You cannot do anything with this iterator, like null pointer.
Doing something with an invalid iterator immediately stops the program and even causes the program to crash and an assertion dialog window appears. There is no way to continue program no matter what options you choose, what buttons you click. You just can terminate the program and the process by clicking the Abort button.
You don't do anything else with an invalid iterator, unless you can either set it to the begin of the container, or just ignore it.
But before you decide what to do with an iterator, first you must know if this iterator is either invalid or not, if you call the erase function of the container you are using.
I have made by myself a function that checks, tests, knows and returns true whether a given iterator is either invalid or not. You can use the memcpy function to get the state of any object, item, structure, class and etc, and of course we always use the memset function at first to either clear or empty a new buffer, structure, class or any object or item:
bool IsNull(list<int>::iterator& i) //In your example, you have used list<int>, but if your container is not list, then you have to change this parameter to the type of the container you are using, if it is either a vector or deque, and also the type of the element inside the container if necessary.
{
byte buffer[sizeof(i)];
memset(buffer, 0, sizeof(i));
memcpy(buffer, &i, sizeof(i));
return *buffer == 0; //I found that the size of any iterator is 12 bytes long. I also found that if the first byte of the iterator that I copy to the buffer is zero, then the iterator is invalid. Otherwise it is valid. I like to call invalid iterators also as "null iterators".
}
I have already tested this function before I posted it there and found that this function is working for me.
I very hope that I have fully answered your question and also helped you very much!

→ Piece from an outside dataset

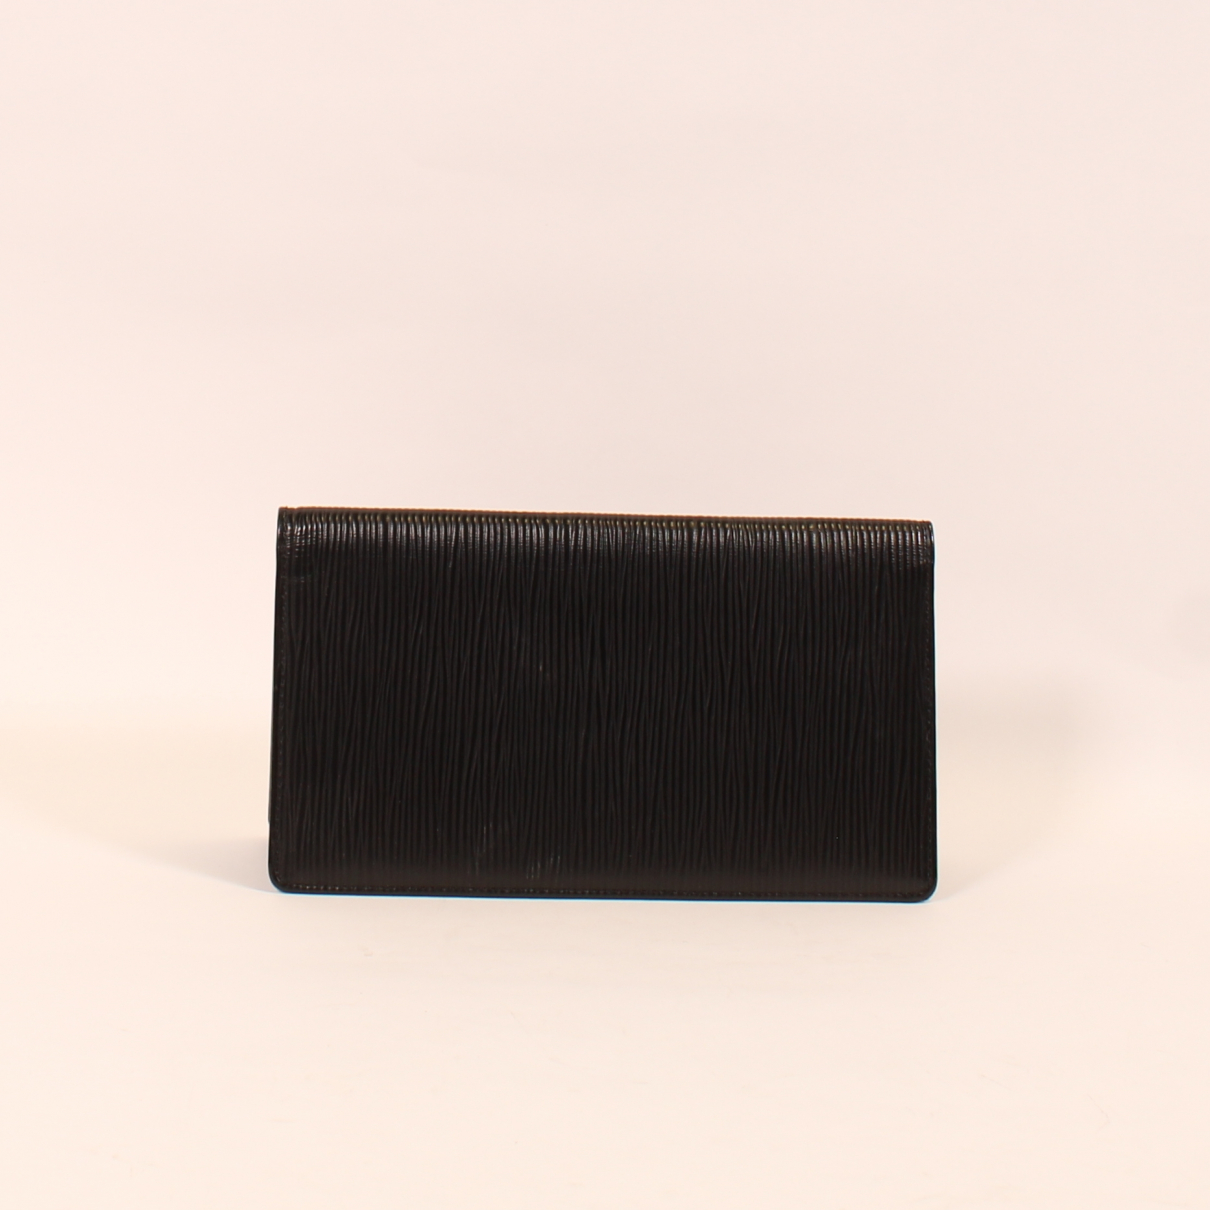 Louis Vuitton N Black Leather Jewellery for Men N

There is a way, but is ugly... you can use the std::distance function
#include <algorithms>
using namespace std
auto distance_to_iter = distance(container.begin(), your_iter);
auto distance_to_end = distance(container.begin(),container.end());
bool is_your_iter_still_valid = distance_to_iter != distance_to_end;
use erase with increment :
if (something) l.erase(itd++);
so you can test the validity of the iterator.
if (iterator != container.end()) {
iterator is dereferencable !
}
If your iterator doesnt equal container.end(), and is not dereferencable, youre doing something wrong.